The General Rules adhere to a problem-oriented approach, insist on source control, optimize the conditions for food business licensing to meet the needs of reform and development, scientifically set the threshold for licensing access, strengthen risk level prevention and control, and promote high-quality industry development with a high level of safety.

The main revisions include the following:

  • Strict licensing review requirements in key areas. Emphasizing strict licensing review requirements for canteens in schools, childcare institutions, and other centralized dining units. Further tightening the licensing review requirements for contracted canteen operations in terms of obtaining licenses at the location of the canteen, risk prevention and control capabilities, cross-provincial operations, personnel, systems, among others.

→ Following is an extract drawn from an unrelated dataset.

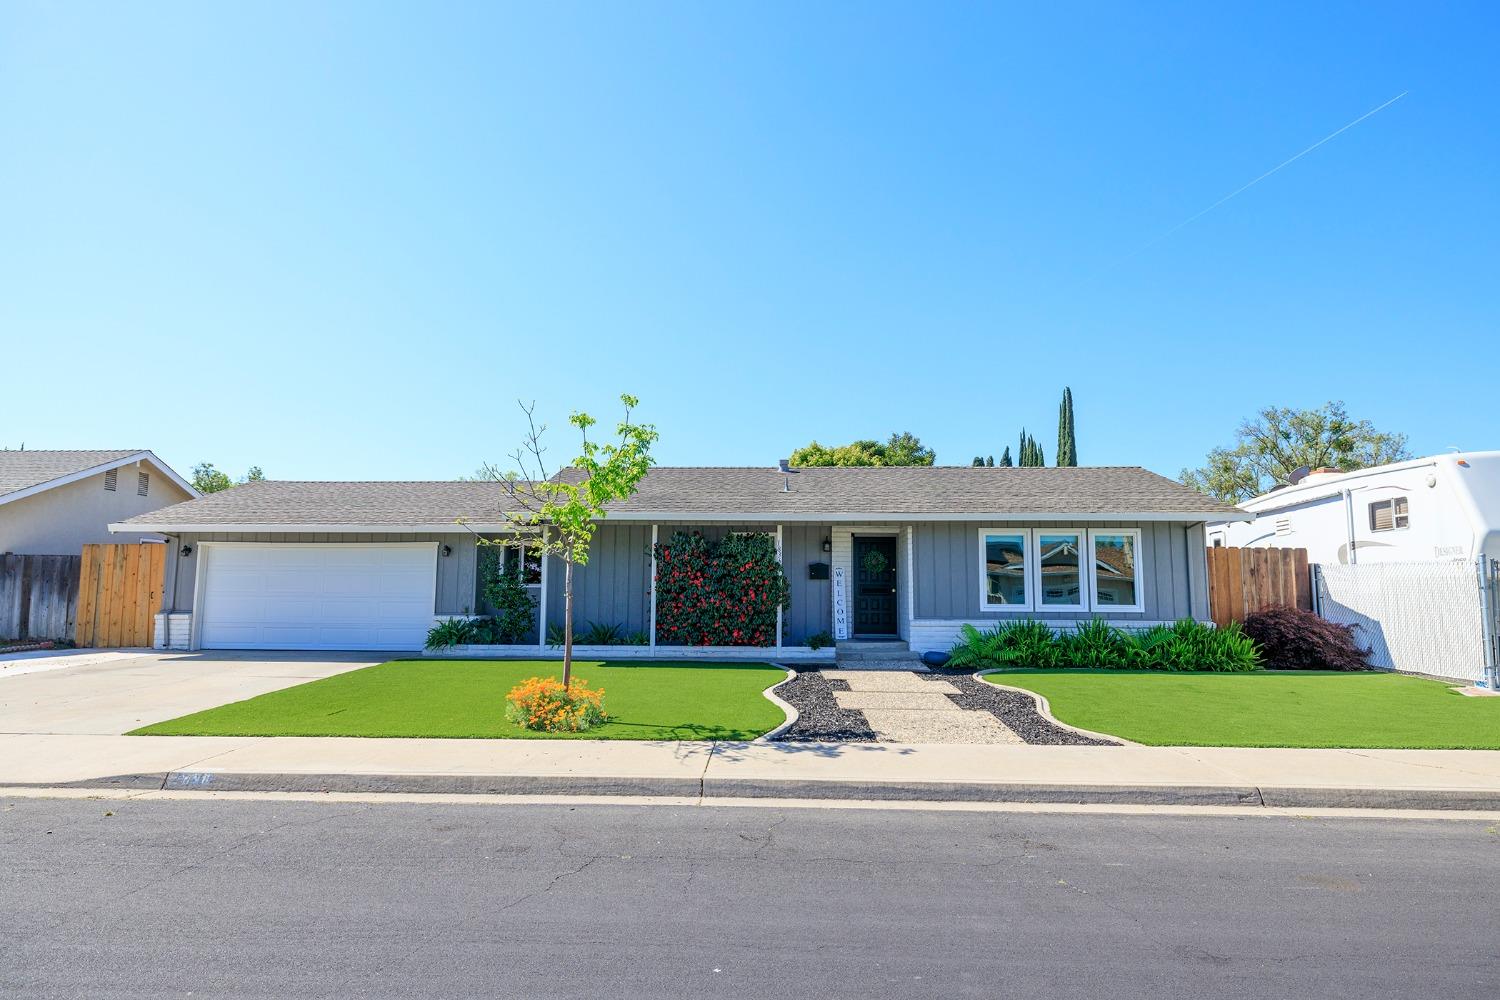 Photo of 1836 Kruger Dr in Modesto, CA

  • Optimize food business licensing requirements. Based on the newly revised Administrative Measures on Food Business Licensing and Filing, the General Rules specifies the circumstances for setting up special rooms or dedicated operation areas in the duplicate of the food business license, creating a business environment that is convenient for the people and beneficial to enterprises.
  • Add licensing review requirements for emerging business models. For emerging business models such as food business chain enterprise headquarters and food vending through automatic equipment, the focus is on licensing review requirements from aspects such as organizational structure, personnel, and systems. It clarifies the food safety management responsibilities of catering service management companies for their branches, subsidiaries, and other enterprises under absolute control, and the headquarters of food business chains for their central kitchens, distribution centers, stores, etc., promoting the healthy development of emerging industries while ensuring food safety.
  • Strengthen entity principal responsibility. Integrating requirements related to personnel systems, “three preventions”facilities, temperature control, etc., from current laws, regulations, departmental rules, and national food safety standards into the licensing review conditions, making it consistent with current legal and regulatory standards, and further consolidating the main responsibility of enterprises.